Structure


MEDIAN GROUPS
The entire workshop is conducted as a Median Group, although the way it is used varies. This approach matches practice by bringing the whole learning community together.
de Maré thought the Median Group was the best place to learn how to be in a Large Group. It is thought of as an in between place that provides an opportunity to bridge experiences from society and the family and vice versa so that socio-political history, theory and life can be linked with personal history. Discovering how these three areas inter-relate enables new connections to emerge into the foreground providing the possibility of learning through experience.

SEMINARS 
These are spaces for thinking together about theoretical content as it arises through the work during the weekends and between the weekends. Everyone is encouraged to take a role in presenting and suggesting theoretical questions for discussion.
Anyone from any background wishing to include people in decision-making, peace-making, consultation processes, bridging racial, cultural and religious divides, or tackling local or global challenges.

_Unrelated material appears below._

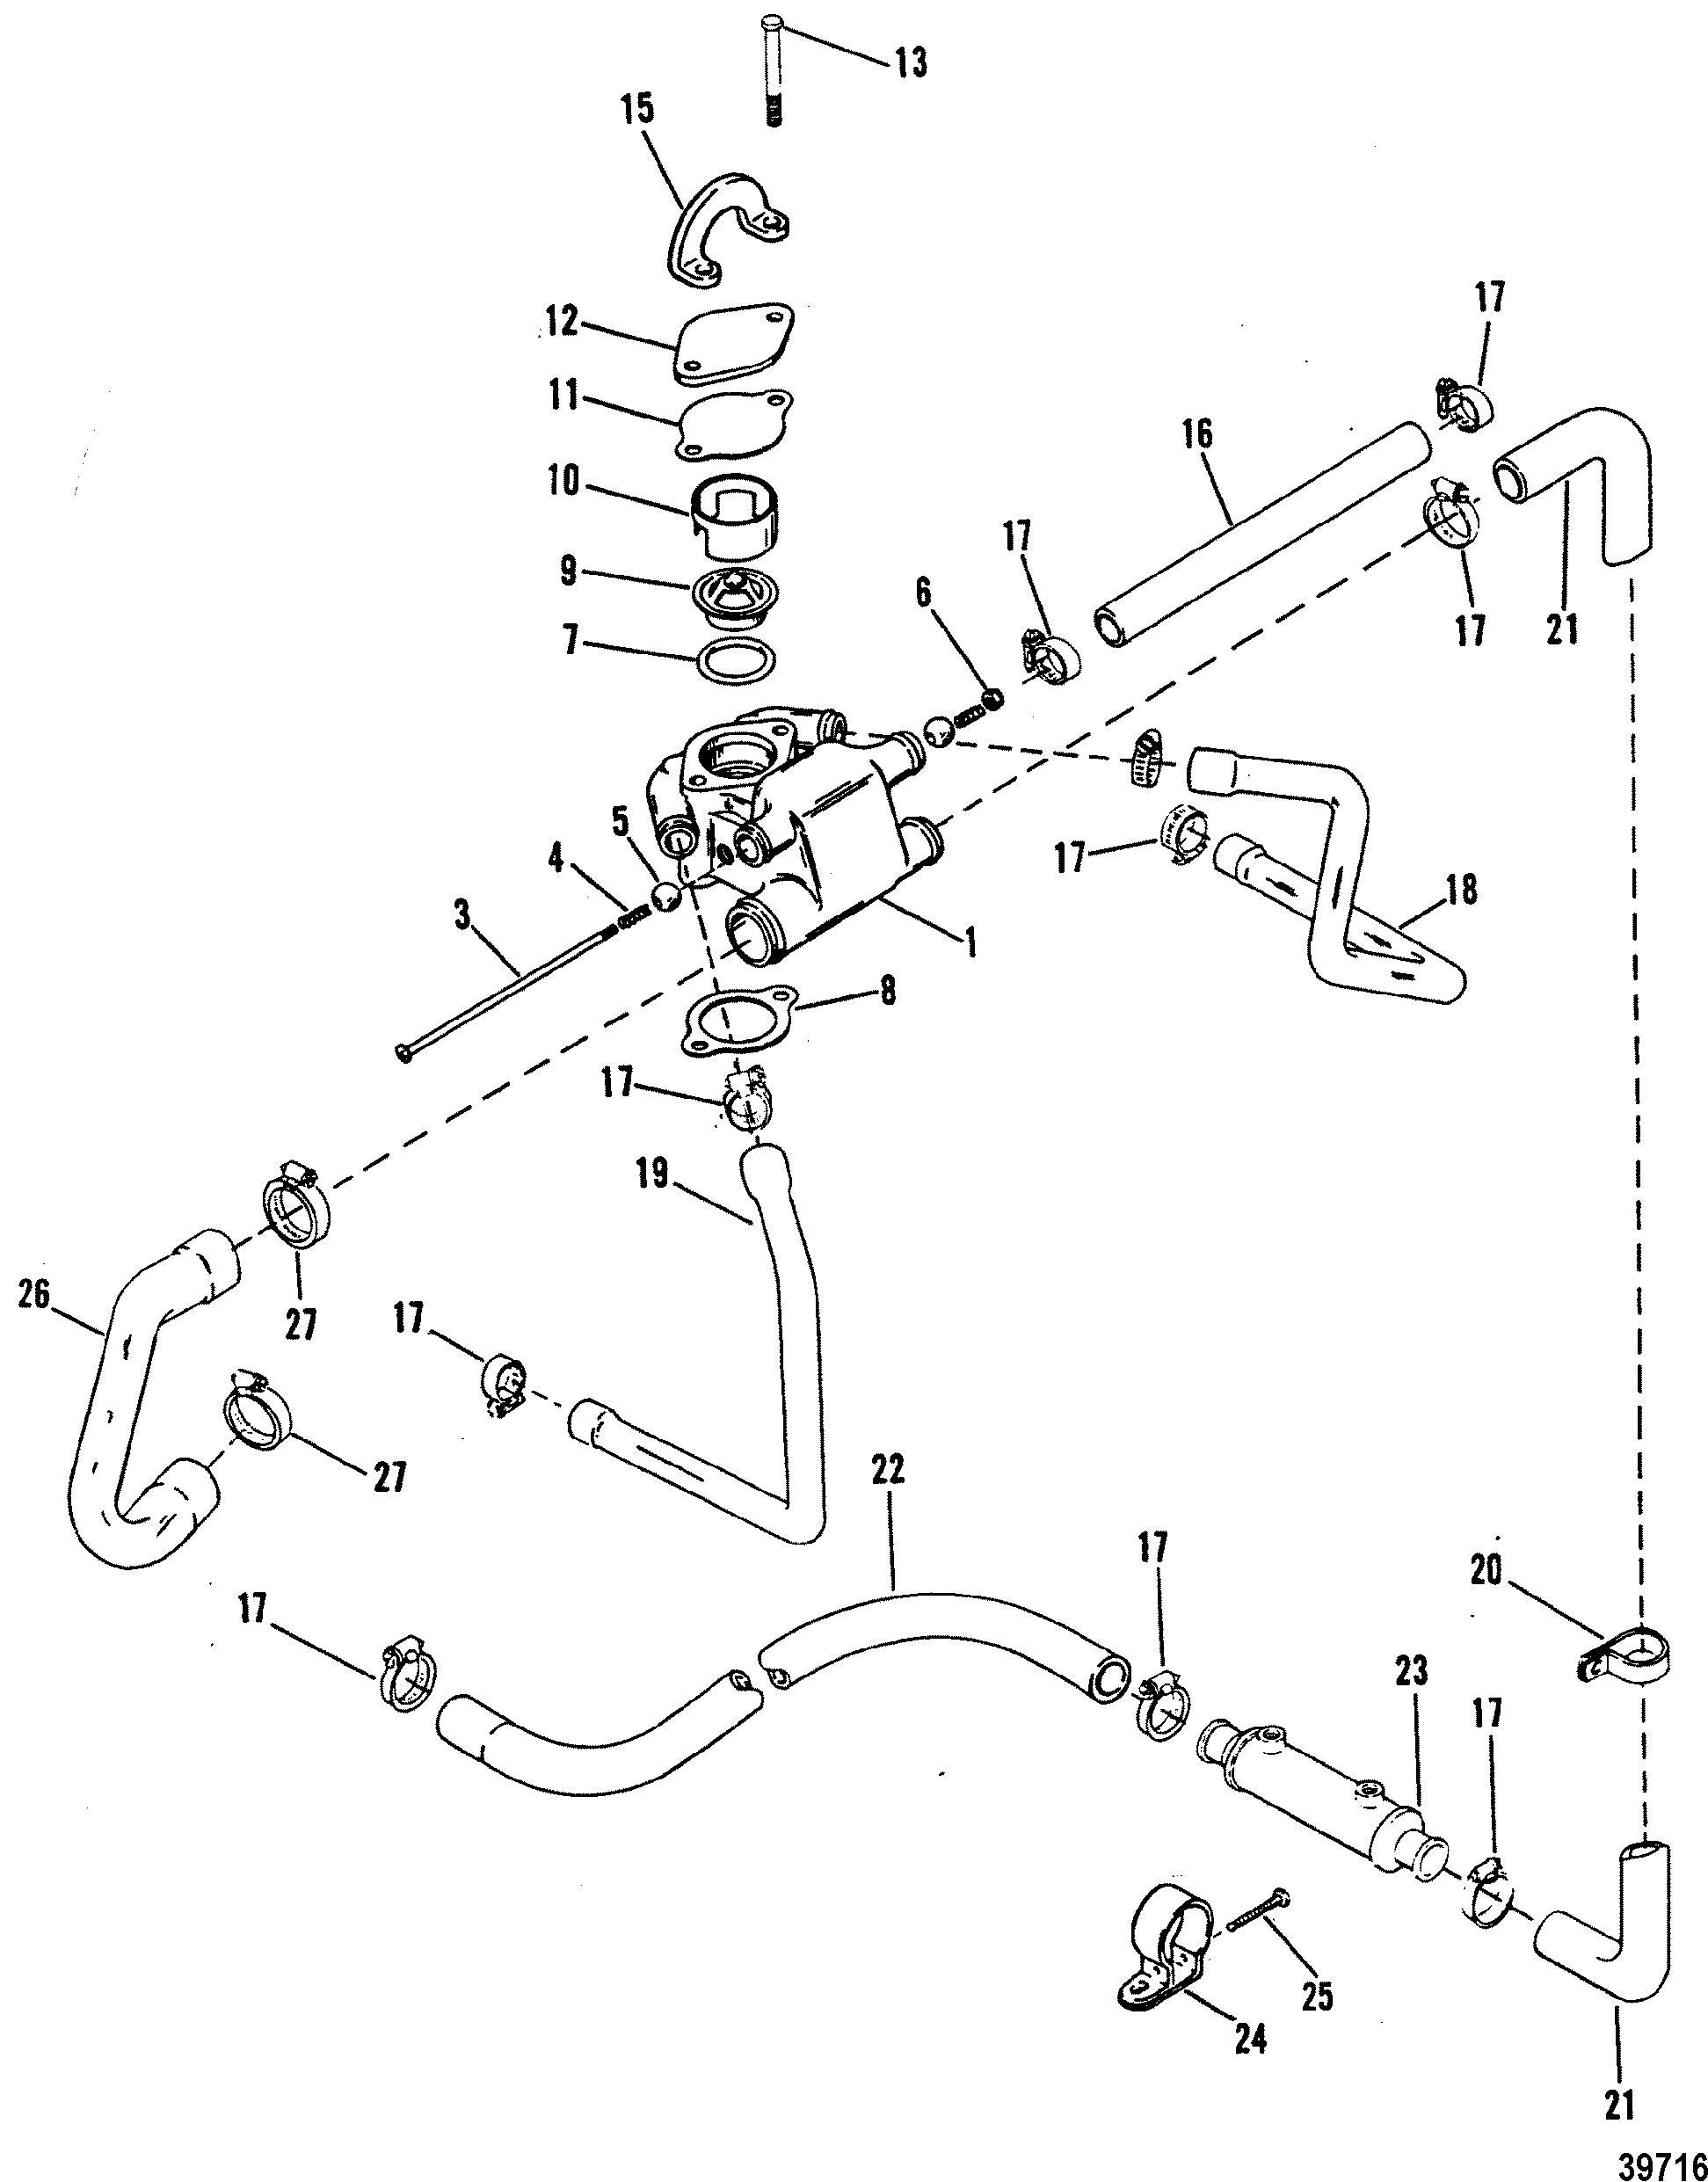 Standard Cooling System For Mercruiser 4 3l 4 3lx Alpha

For example, if you are working in a school or higher education, local government, prison or probation service, social work or trade union, with youth and community development, as a management consultant, in a therapeutic community, or struggling to survive in the NHS, or as clergy, politician or civil servant, you can expect these workshops to give you quite new perspectives.

SUPPORT
To aid keeping in touch the group has its own Slack workspace, Canto Hondo, meaning Deep Song. Do download it on to your smart phone, iPad or computer to keep in touch with announcements also. This is the primary mode of written communication. It is safer than email.
OUR PREOCCUPATIONS or GROUP CONSULTATION SESSIONS
These are groups where we talk about our ideas taking for developing our learning beyond the workshops. These  operate group-analytically, that is to say, each person draws from the group what they need and contribute what they can. It is not a logical process, each person having an equal amount of time but a free-floating associative dynamic, where meaning and new ideas emerge spontaneously. Phrases such as, "This reminds me of.." enables members to think together about their own and each other's work and learning. It is what many people refer to as a parallel process. The emerging dynamic may not only resonate with a similar dynamic in the situations that are being described but also, enable reflection on the experience of conducting a larger group where, initially at least, there appears to be no logic. That, like daisies growing in the grass takes time to emerge into the light.

SOCIAL DREAMING
We begin each morning with an hour-long social dreaming session. Through this experience there is an opportunity to find connections between day time conscious thought and night time unconscious dreaming. It provides powerful support for the rest of the work.
As Gordon Lawrence, who conceptualised much of the theory explains, "The surreal narrative will often contain the bright idea that would elude us while awake".

REFLECTIVE DIARY
It is suggested that you keep a Reflective Diary to help you track  your progress. At the end of each year we will ask you to present a short reflective piece in whatever form you choose to the whole group. It can be a story, a short film, a poem, or a collection of drawings, what ever works for you. It should conclude with some thoughts about what you feel still needs development.